Michał Kołodziejczak, lider AgroUnii od roku próbuje spotkać się z ministrem Pudą. W rolnictwie jest ciężko, gospodarzy przytłaczają rosnące koszty produkcji, afrykański pomór świń, niskie ceny zbytu płodów rolnych nieadekwatne do poniesionych kosztów i widmo nadchodzących zielonych rewolucji. To jedynie przykłady, a problemów jest znacznie więcej. W większości branż brakuje opłacalności produkcji, a rolnicy tracą cierpliwość, wraz z nią determinację do prowadzenia gospodarstw.

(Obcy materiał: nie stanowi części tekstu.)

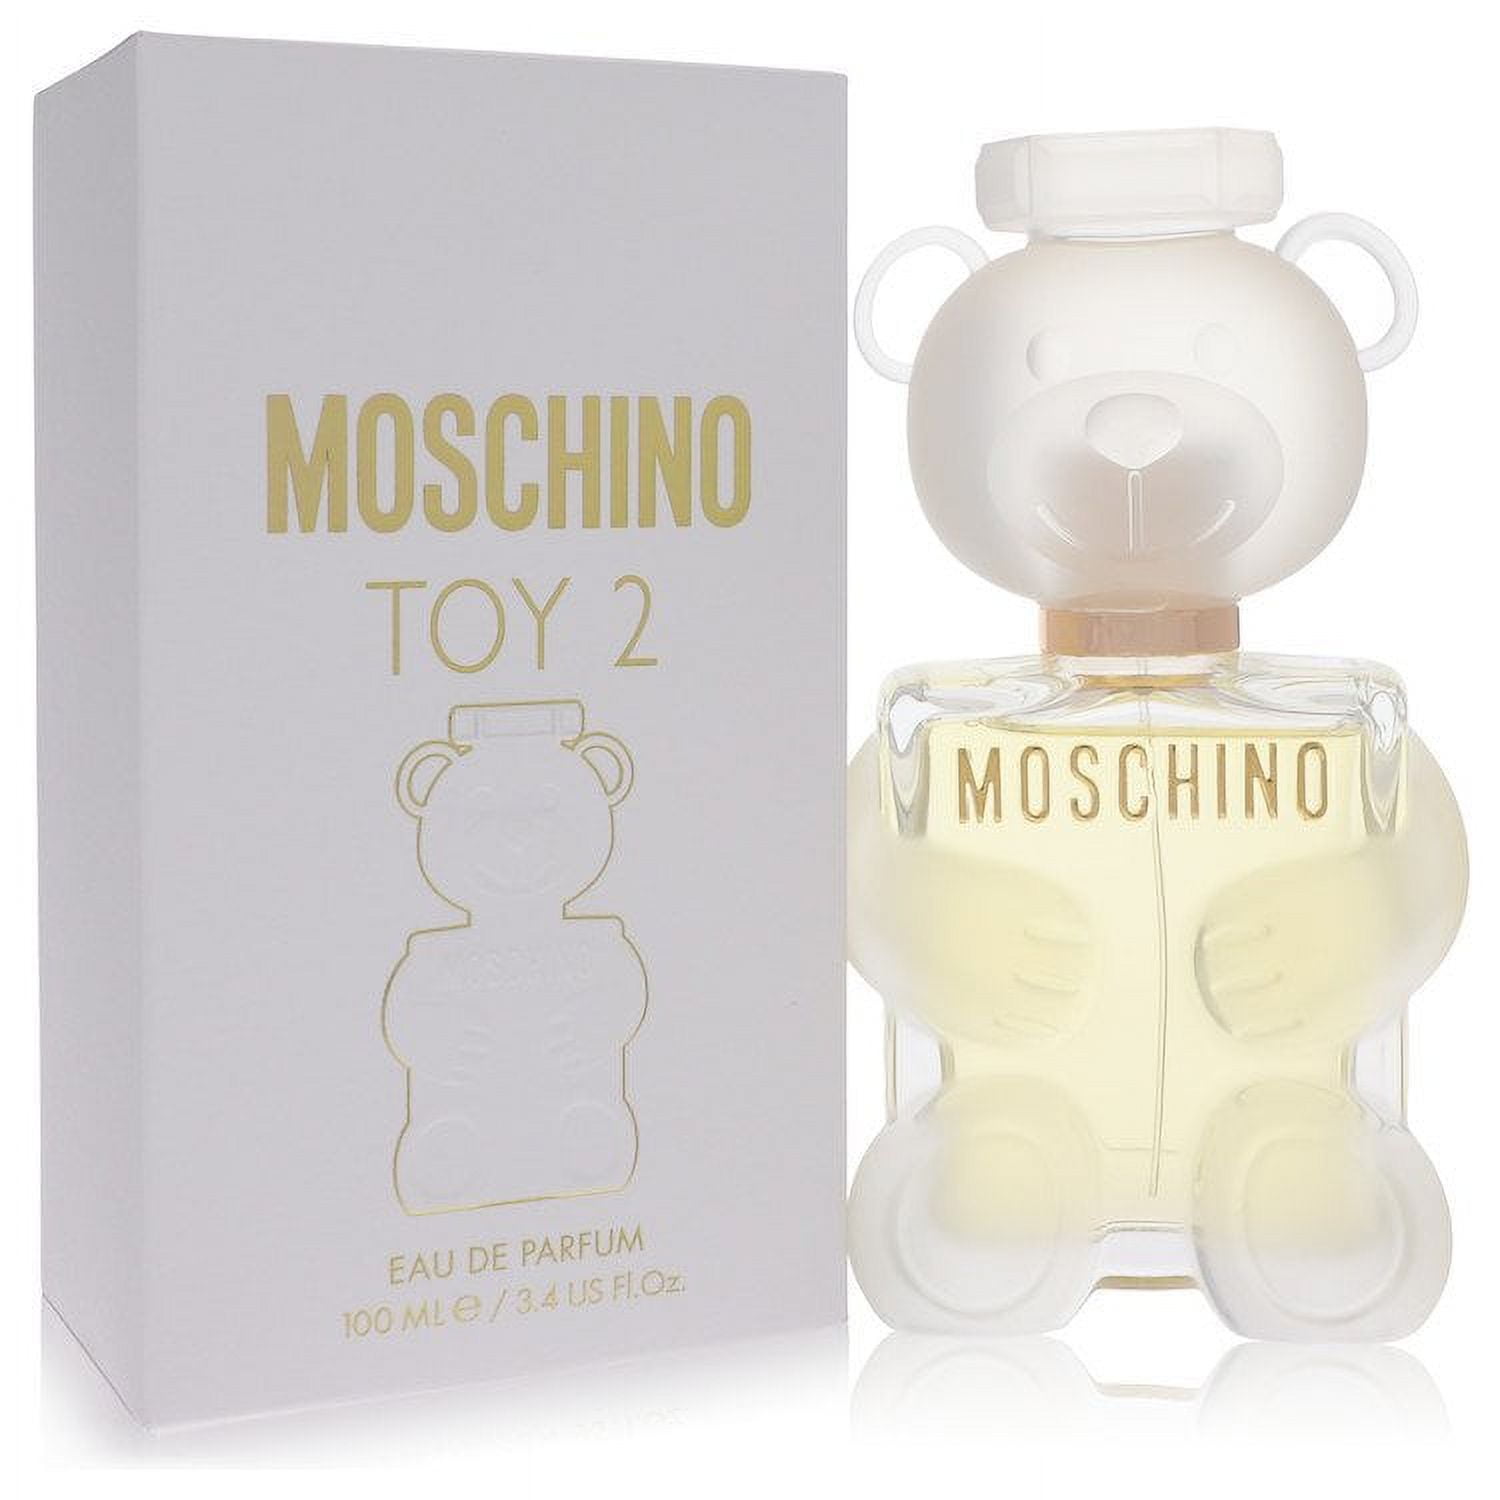 Moschino Toy 2 by Moschino Eau De Parfum Spray 3.4 oz for Women - Brand ...

Tym sposobem ich ubywa, młodzi nie chcą przejmować zadłużonej ojcowizny, przy której trzeba się ciężko napracować czasami kompletnie za darmo, albo jeszcze dołożyć. Mimo, że obroty w gospodarstwie są duże, to w kieszeni są jedynie dziury. M. Kołodziejczak ostatnio zatrzymał ministra Pudę podczas spaceru na targach Agro Show w Bednarach, poprosił o spotkanie. Miało się odbyć w Warszawie, jednak przełożono je do Poznania.

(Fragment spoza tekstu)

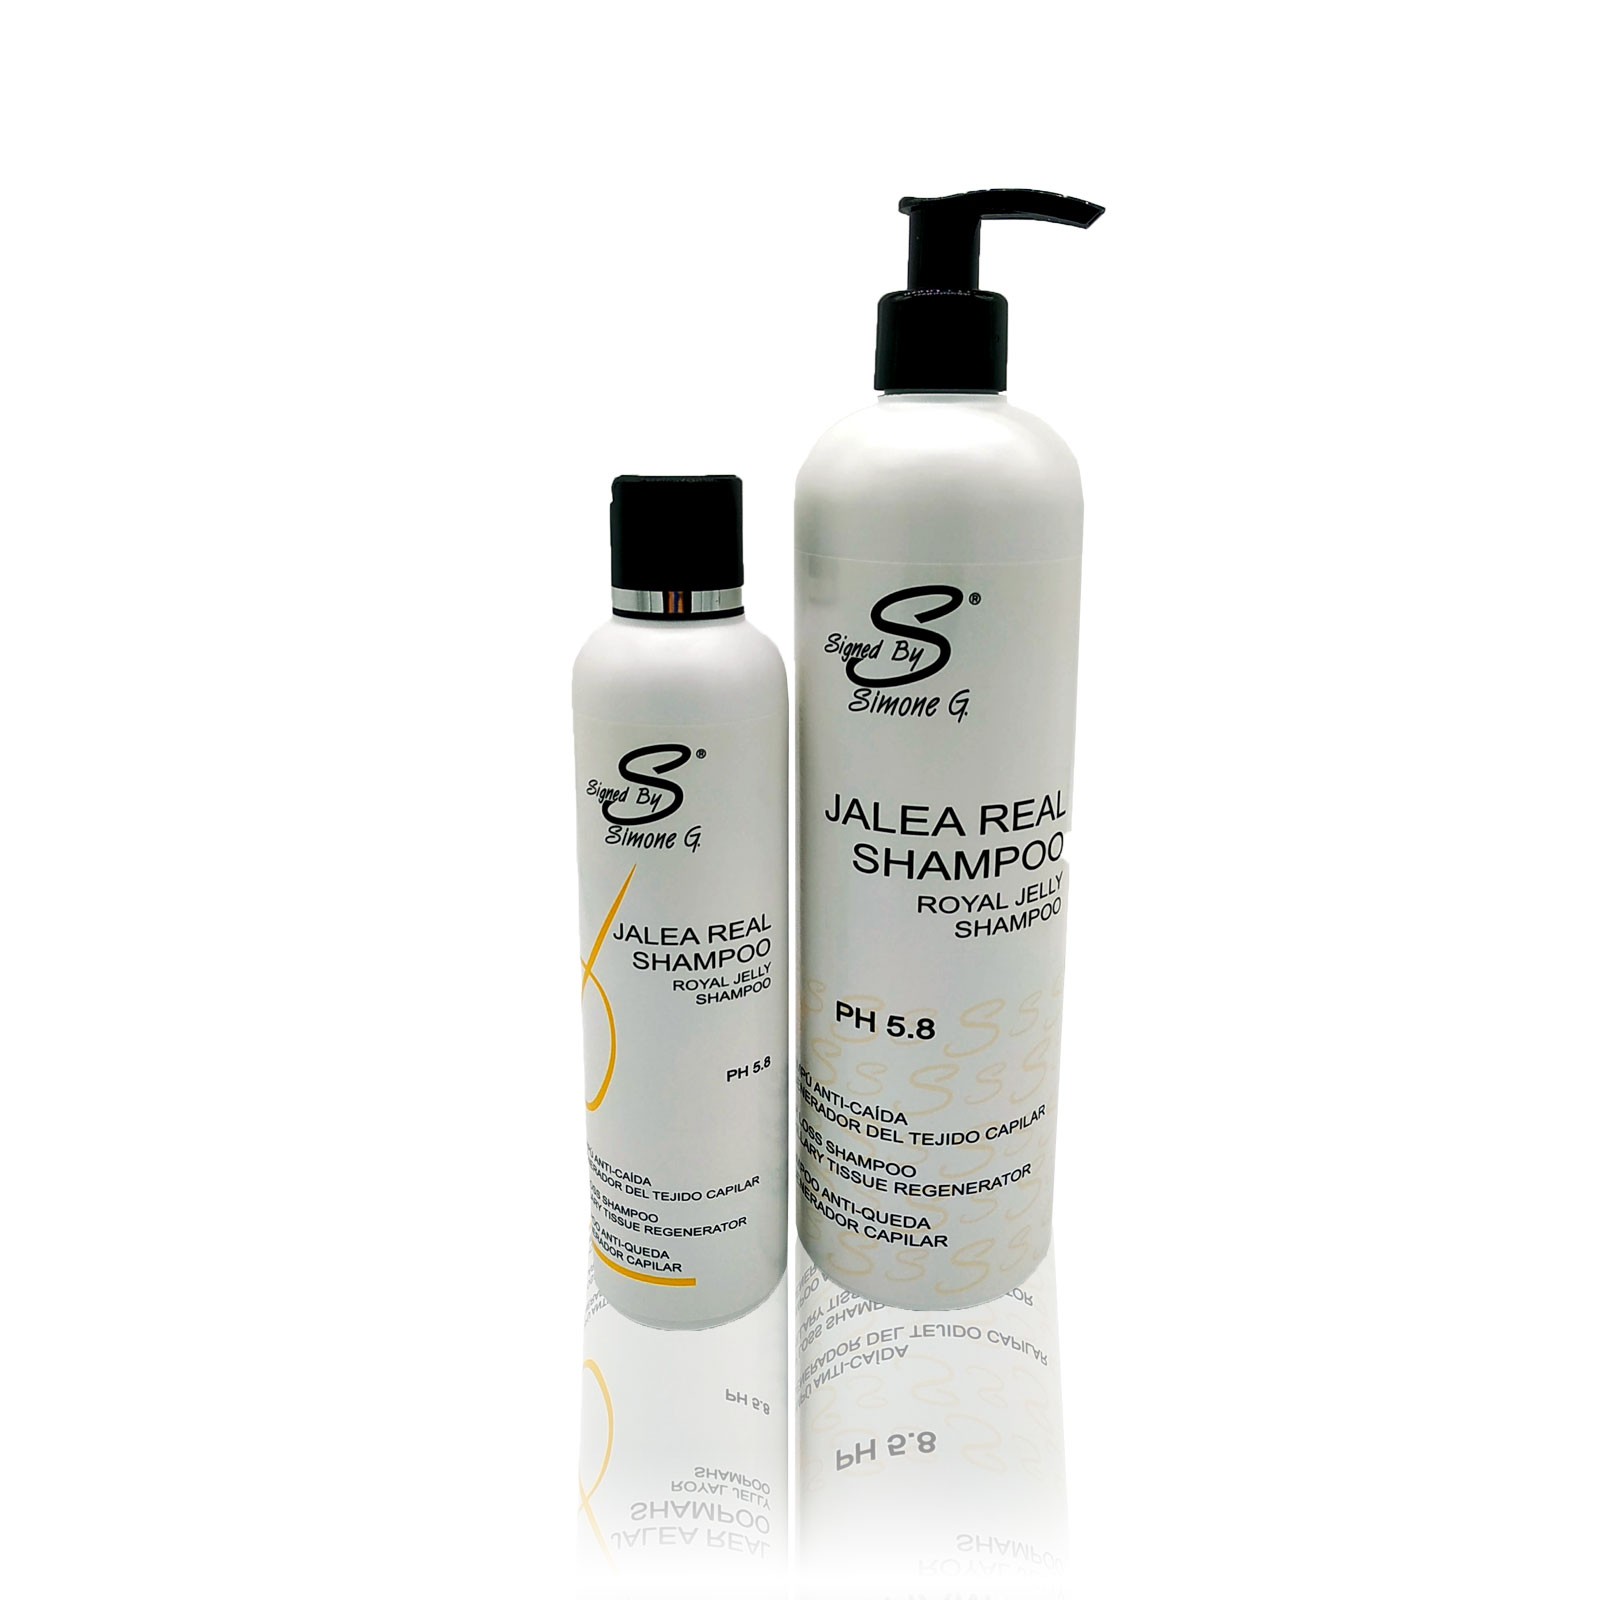 Royal Jelly Shampoo Signed by Simone G. Anti-hair loss regenerative Shampoo

- Ministerstwo nie odpowiedziało na pytanie, kto będzie na spotkaniu, z kim będziemy rozmawiać. Nie mamy żadnych dokumentów na temat, których chce minister z nami rozmawiać. To jest narzucanie jakichś swoich chorych zasad, ale my się nie obrażamy. Mamy tam do załatwienia kilka ważnych spraw – mówił Kołodziejczak w drodze do Poznania. Zaznaczył, że podczas spotkania zamierza zweryfikować dobrą wolę i wiarygodność ministra, gdyż w trakcie ostatnich miesięcy wycofał się ze swoich obietnic. Najważniejszym tematem obecnie jest afrykański pomór świń i również o tym przedstawiciele rolniczej organizacji zamierzali z ministrem Pudą rozmawiać.